▶ [DATA TO EXAMINE]
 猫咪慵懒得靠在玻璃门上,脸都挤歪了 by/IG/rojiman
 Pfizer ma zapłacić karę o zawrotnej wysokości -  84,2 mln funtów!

--

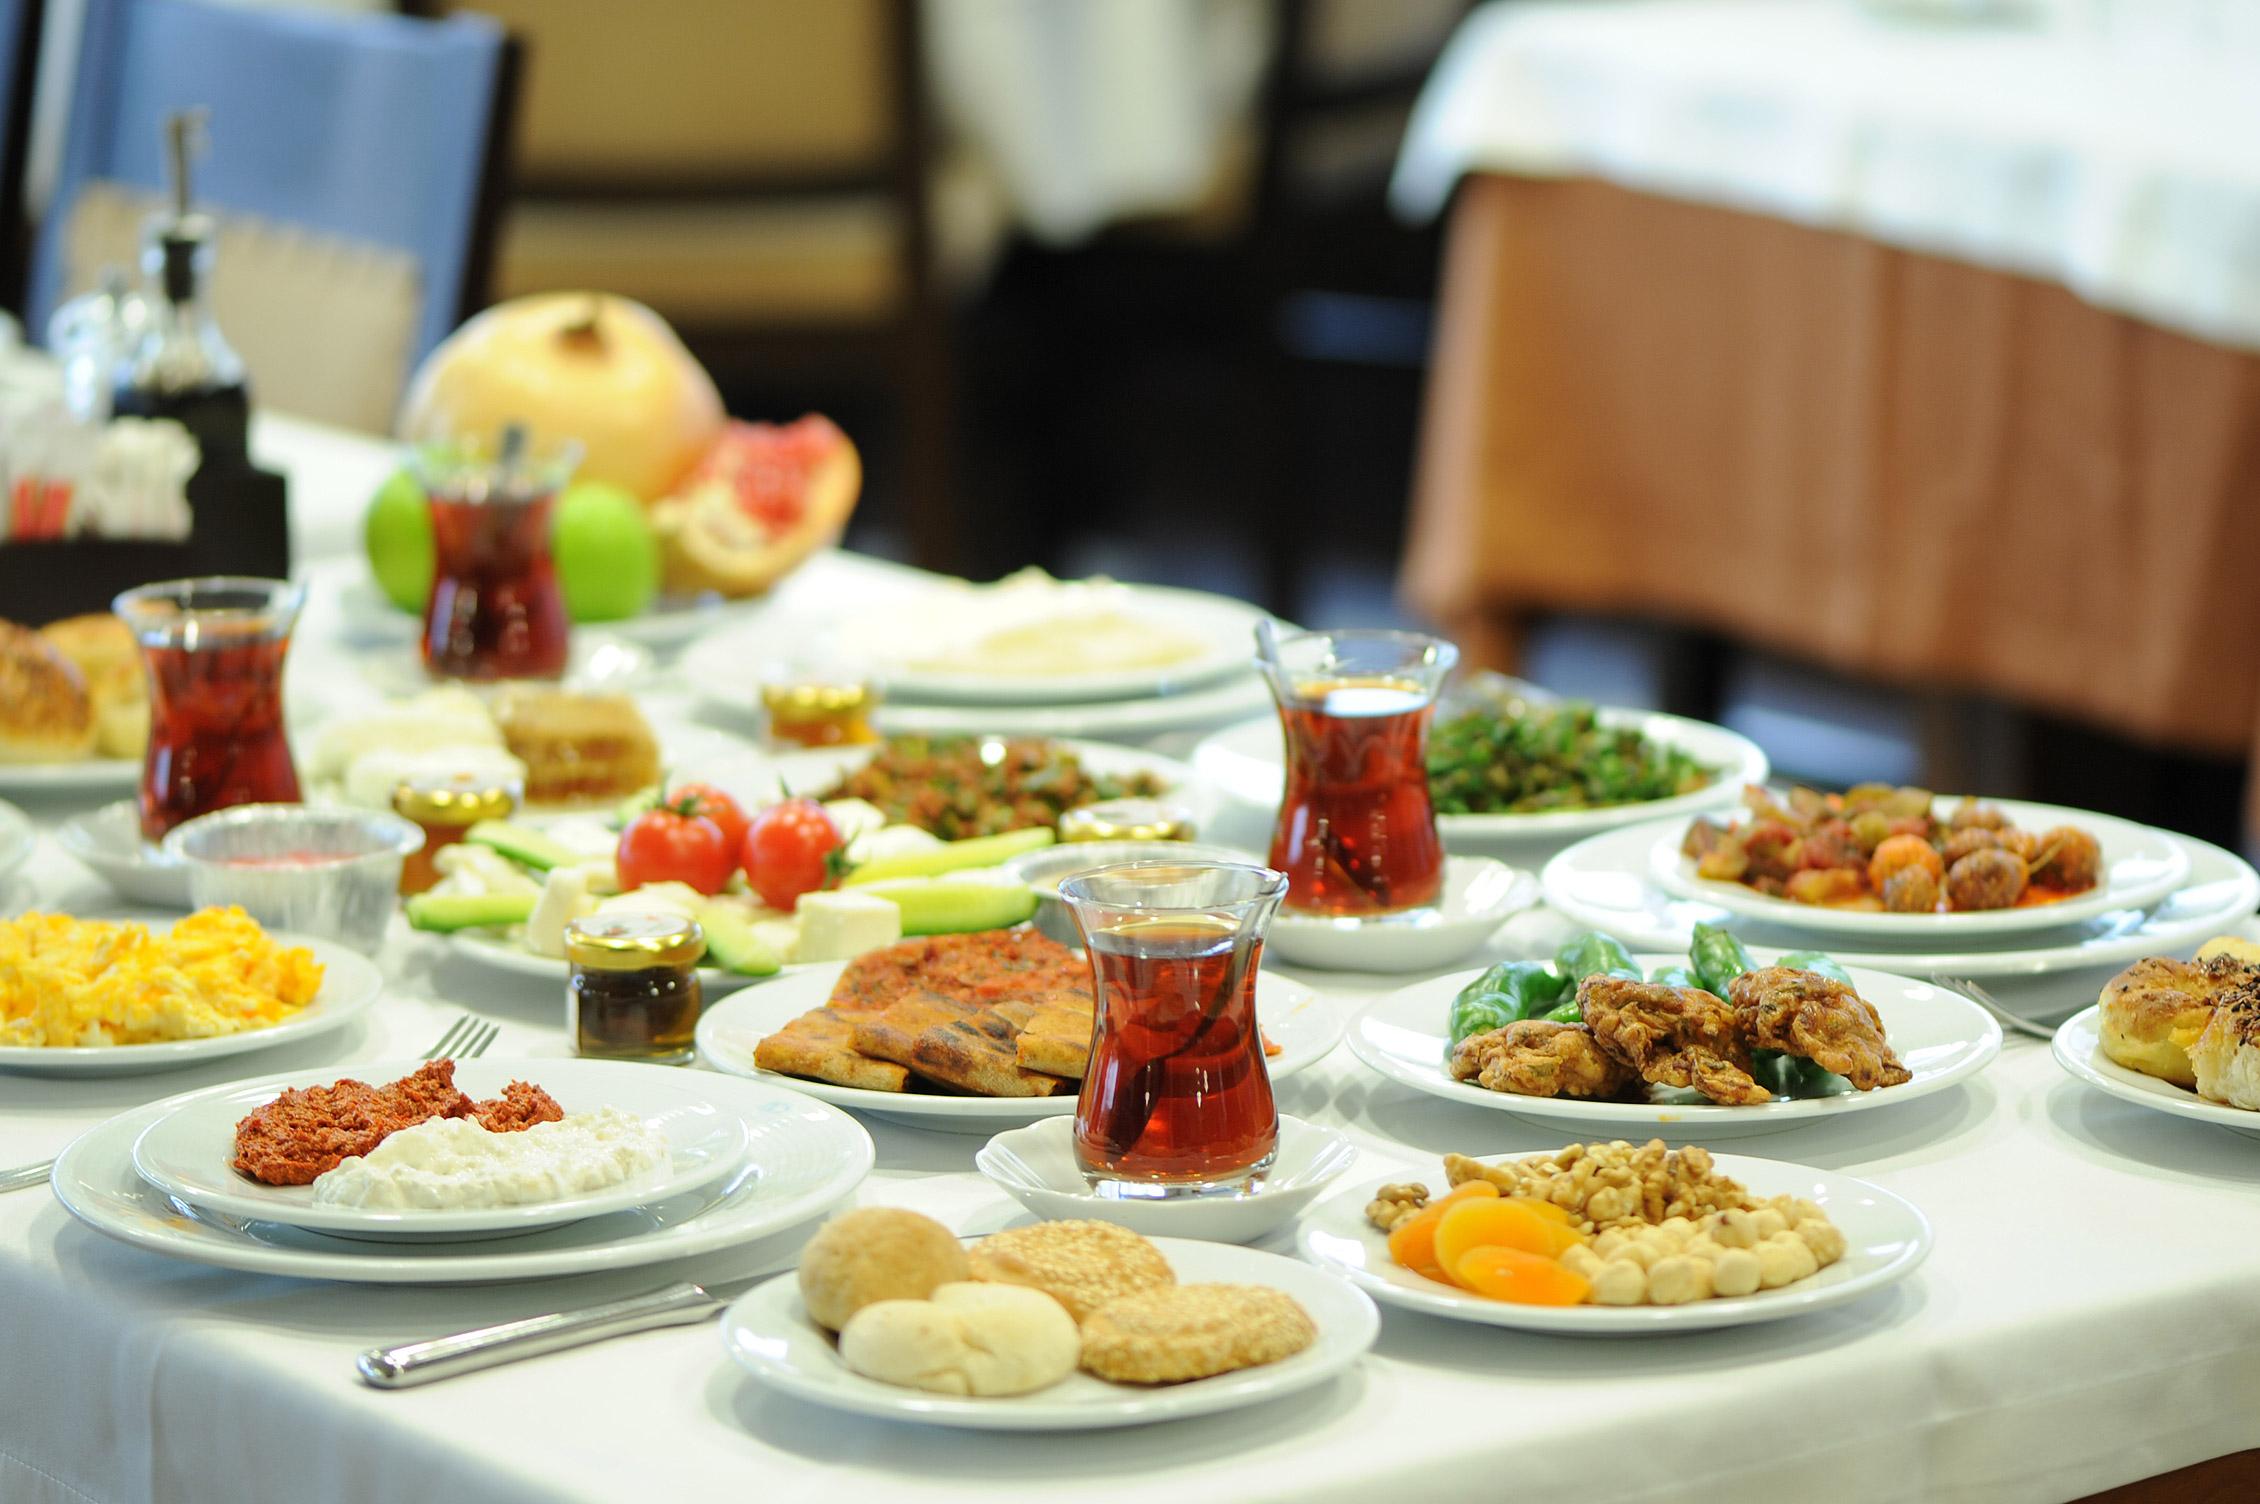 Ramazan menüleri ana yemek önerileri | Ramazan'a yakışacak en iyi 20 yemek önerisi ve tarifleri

▶ [ASSIGNED TASK] Look above for the line with "猫咪慵懒得靠在玻璃门上,脸都挤歪了 by/IG/rojiman"; retype exactly that line, every line after it up to the line with "Pfizer ma zapłacić", and that line too, nothing else.

▶ [RESPONSE]
 猫咪慵懒得靠在玻璃门上,脸都挤歪了 by/IG/rojiman
 Pfizer ma zapłacić karę o zawrotnej wysokości -  84,2 mln funtów!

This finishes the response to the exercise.